Complement

Question 1

what is the complement system?

Answer 1

part of the immune system that enhances the ability of antibodies + phagocytic cells to clear microbes and damaged cells from an organism, promotes inflammation + attacks the pathogen’s cell membrane

Question 2

who named this the complement system and why?

Answer 2

Ehrlich

because this heat-labile, anti-microbial component in the blood complements the immune system

Question 3

what is the function of the human complement system?

Answer 3

defend the host against microbial infections

Question 4

what are the 3 parts of the complement system?

Answer 4

1. release of small bioactive fragments
   (anaphylatoxins)
   -> recruits cells to site of infection based on the conc grad of components
   (can cause inflammation)
2. opsonisation = fragments of complement proteins bind to activating agents
   - tag for removal
3. destroy invading organism by forming pores on target cell

Question 5

what are the 3 pathways?

what do they involve/what are they triggered by?

Answer 5

classical
(antigen-antibody complexes)
- acts last

MBLectin
(Mannose sugars on pathogen surfaces)

alternative
(pathogen surfaces)

Question 6

what are the complement components in each pathway?

Answer 6

Classical:
C1q, C1r, C1s
C4
C2

MBLectin:
MBL, MASP-1, MASP-2
C4, C2

Alternative:
C3
B, D

Question 7

what do all the complement components converge to form?

what does this enzyme do?

what does this product do?

Answer 7

C3 convertase

cleaves C3 into C3b

C3b is an opsinin that can tag onto microbial surfaces

Question 8

which 3 components are involved in phagocyte recruitment?
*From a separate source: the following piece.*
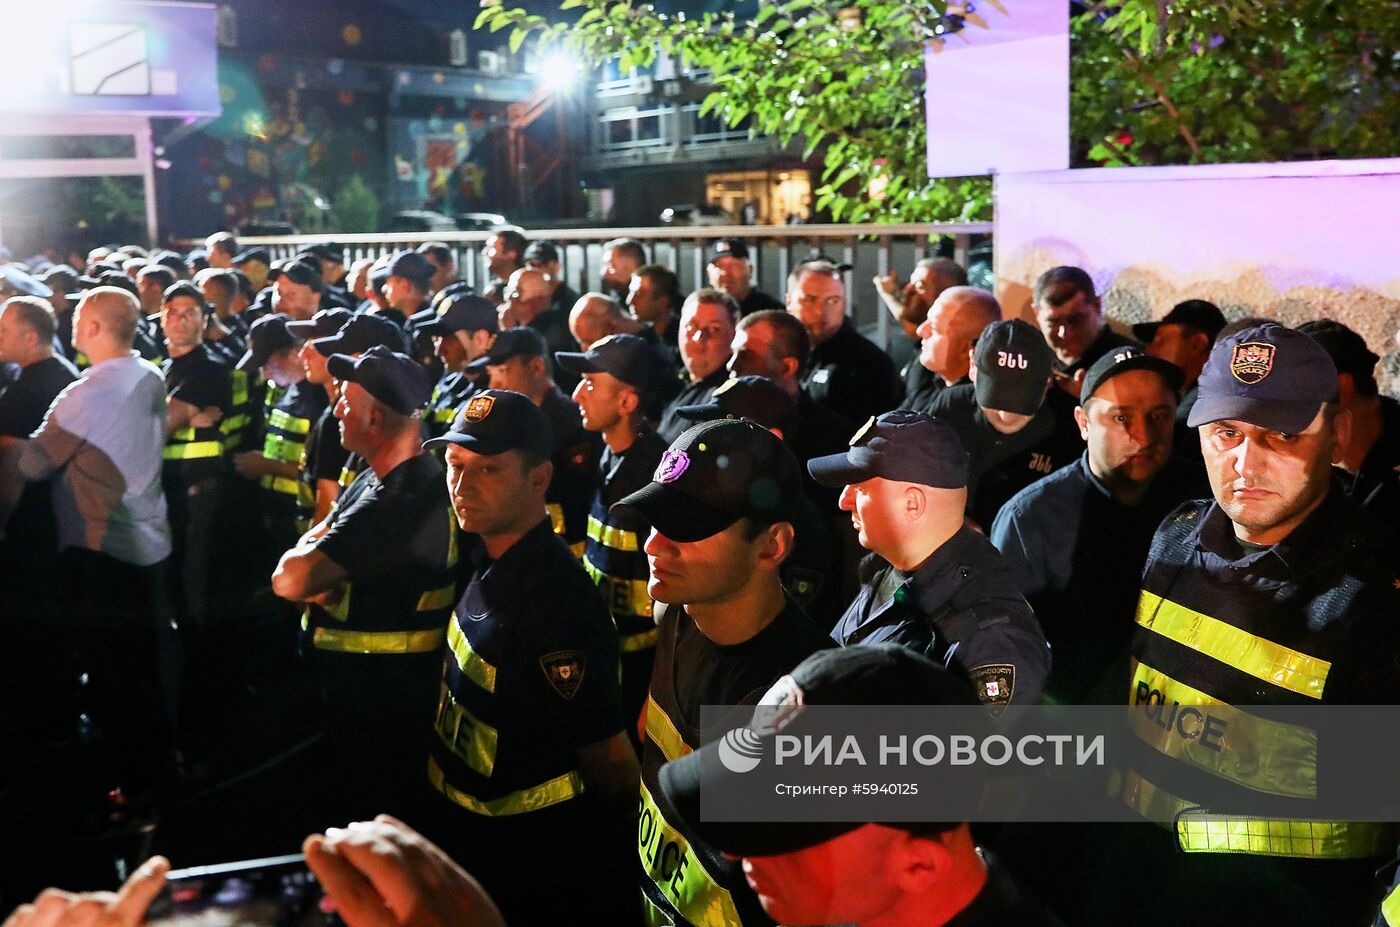 Акция против телеканала "Рустави 2" в Тбилиси

which 5 components are involved in lysis?

Answer 8

c4a
c3a
c5a

c5b
c6
c7
c8
c9

Question 9

describe what happens in the classical pathway process

Answer 9

1. antibodies bind to surface of microbe
2. C1 binds to antibodies and becomes activated
3. C1 cleaves C2+C4…
   - > C2a + C4b become the C3 Convertase
4. C3 converts cleaves C3 into C3a (goes away) and C3b (opsonin that joins the complex forming C5 convertase)
5. C5 convertase produces C5b
   - > helps form MAC (membrane attack complex)
   - > tiggers terminal pathway leading to pore formation

Question 10

what are the 2 components of C1 that cleave C4 and C2?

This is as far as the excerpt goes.